Threat Stack supports the following Agents:

3.1.0 (Host and Containerized). For more information, see Linux Agent Release Changelog.
3.0.0 (Host and Containerized). For more information, see Linux Agent Release Changelog.
2.5.0 (Host and Containerized). For more information, see Linux Agent Release Changelog.

Note

Based on the Threat Stack Support Policy, on August 15, 2020, Threat StackⓇ removed publicly available packages for Linux Agents versions 1.8.0, 1.8.0.C, and all previous versions. Publicly available packages for Linux Agent version 1.9.0 and later remain accessible.

Supported x86 Architecture

Threat Stack validates performance against the supported OS list. Customers who choose to use a different Linux OS will fall outside the Threat Stack Support Policy.

Threat Stack supports the following 64-bit Linux OSs:

Amazon CentOS CoreOS Debian RancherOS RedHat Ubuntu

Supported Versions	Minimum Kernel	Notes
Amazon Linux 2022	5.10	Only supported by Agent 3.x series.
amzn2-20181024	4.14	Only supported by Agent 2.x+ series. Vulnerability Assessment unavailable.
amzn-2018.03	4.14	N/A
amzn-2017.09	4.9.51	N/A
amzn-2017.03	4.9	Only supported by Agent 1.x series.

Supported Versions	Minimum Kernel	Notes
8	4.18	N/A
7	3.10	N/A

Supported Versions	Minimum Kernel	Notes
1745.5	4.14.44	Only supported by Containerized Agent. Vulnerability Assessment unavailable.
1688.5	4.14.32	Only supported by Containerized Agent. Vulnerability Assessment unavailable.
1632.3	4.14.19	Only supported by Containerized Agent. Vulnerability Assessment unavailable.

Supported Versions	Minimum Kernel	Notes
11	5.10	Only supported in the Agent 3.x series. Vulnerability Assessment unavailable.
10 (Buster)	4.19 LTS	Only supported in the Agent 2.x+ series. Vulnerability Assessment unavailable.
9	4.9 LTS	Vulnerability Assessment unavailable.
8	3.16	Container support unavailable. Vulnerability Assessment unavailable.

Supported Versions	Minimum Kernel	Notes
1.5.8	–	Only supported by Containerized Agent 2.4.0 and newer

Supported Versions	Minimum Kernel	Notes
8	4.18.0-80	N/A
7	3.10	N/A

Supported Versions	Minimum Kernel	Notes
22.04	N/A	N/A
20.04	5.4	N/A
18.04	4.15	N/A

Supported ARM 64-bit Architecture

Threat Stack validates performance against the supported OS list. Customers who choose to use a different Linux OS will fall outside the Threat Stack Support Policy.

Threat Stack supports the following ARM 64-bit architecture for AWS Graviton2 processors:

Amazon CentOS Debian RedHat Ubuntu

Supported Versions	Minimum Kernel	Notes
Amazon Linux 2022	5.10	-
amzn2-20181024	4.14	Vulnerability Assessment unavailable.

Supported Versions	Minimum Kernel	Notes
8.2	4.18	N/A

Supported Versions	Minimum Kernel	Notes
11	5.10	Vulnerability Assessment unavailable.
10 (Buster)	4.19 LTS	Vulnerability Assessment unavailable.

Supported Versions	Minimum Kernel	Notes
8.2	4.18.0-80	N/A

Supported Versions	Minimum Kernel	Notes
20.04	5.4	N/A
18.04	4.15	N/A

Supported Containers

Threat Stack offers support for behavior and event monitoring on Docker containers running natively on the host.
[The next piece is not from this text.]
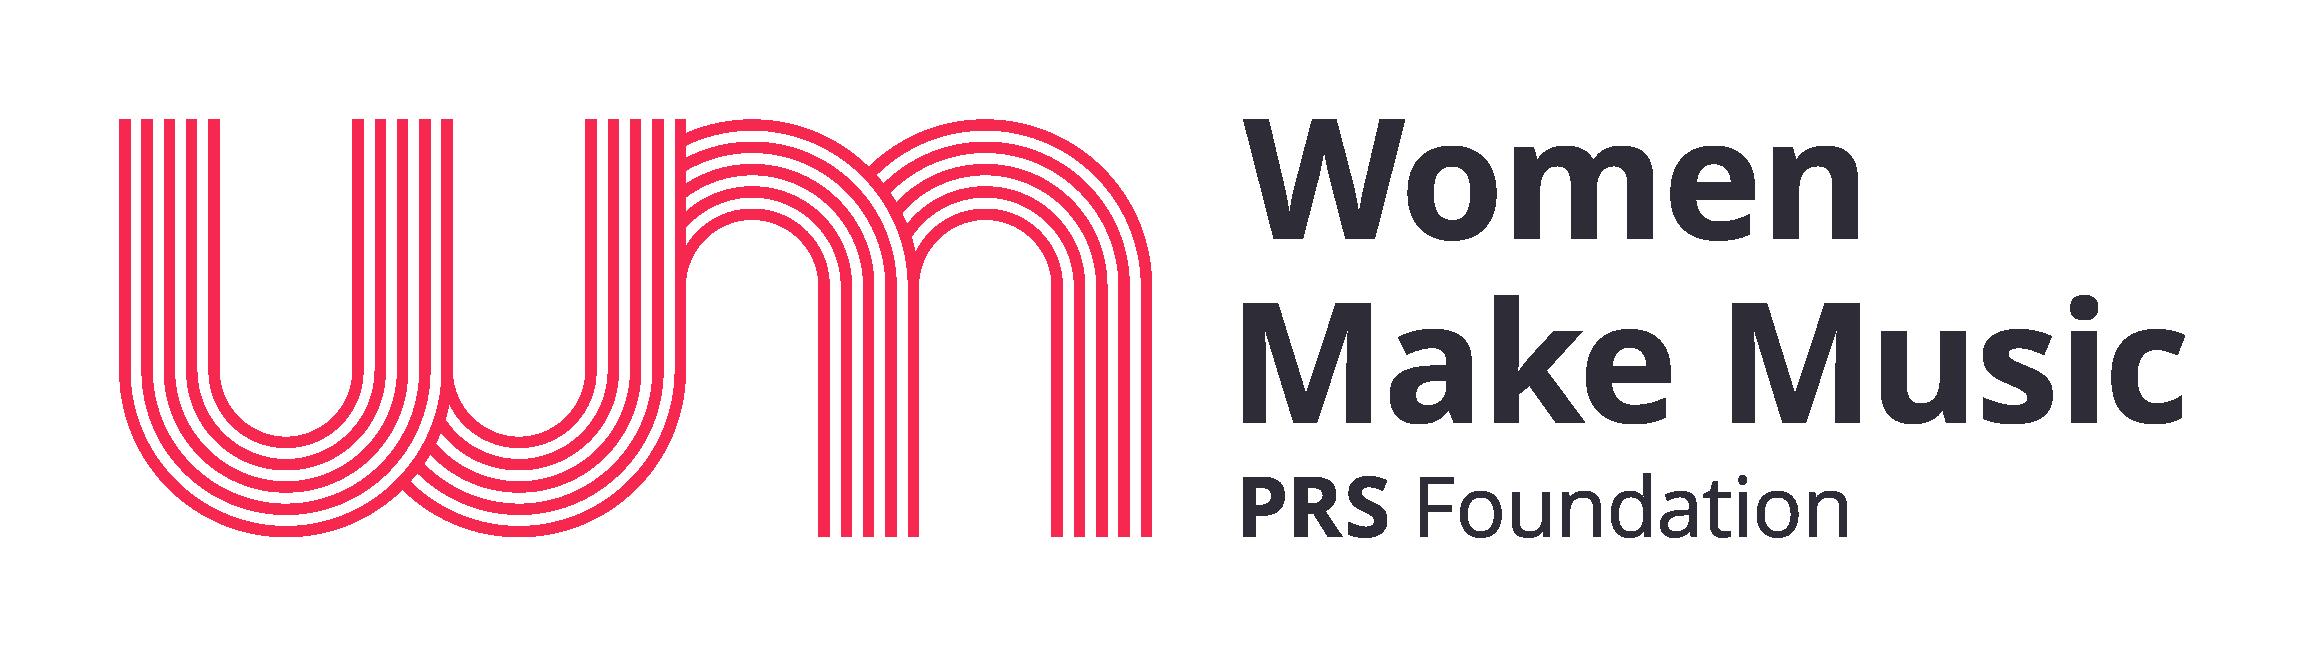 prs-womenmakemusic-logotype-red-blue-rgb-large.png

Version	Minimum Kernel	Notes
Docker 1.8.0 - 17.03-ce	3.10	Supported for Linux Agent 2.3.3c and newer versions
Docker 1.8.0 - 19.03-ce	3.10	Supported for Linux Agent 2.3.2c and older versions

Threat StackⓇ Agent for Windows Server

Supported Agents

An explanation of the Threat StackⓇ support policy is available in the Threat Stack Support Policy article.

Threat Stack supports the following Agents:

2.3.1w (Host). For more information, see Windows Agent Release Changelog.
2.3.0w (Host). For more information, see Windows Agent Release Changelog.
2.2.3w (Host). For more information, see Windows Agent Release Changelog.

Supported OSs

An explanation of the Threat Stack support policy is available in the Threat Stack Support Policy article.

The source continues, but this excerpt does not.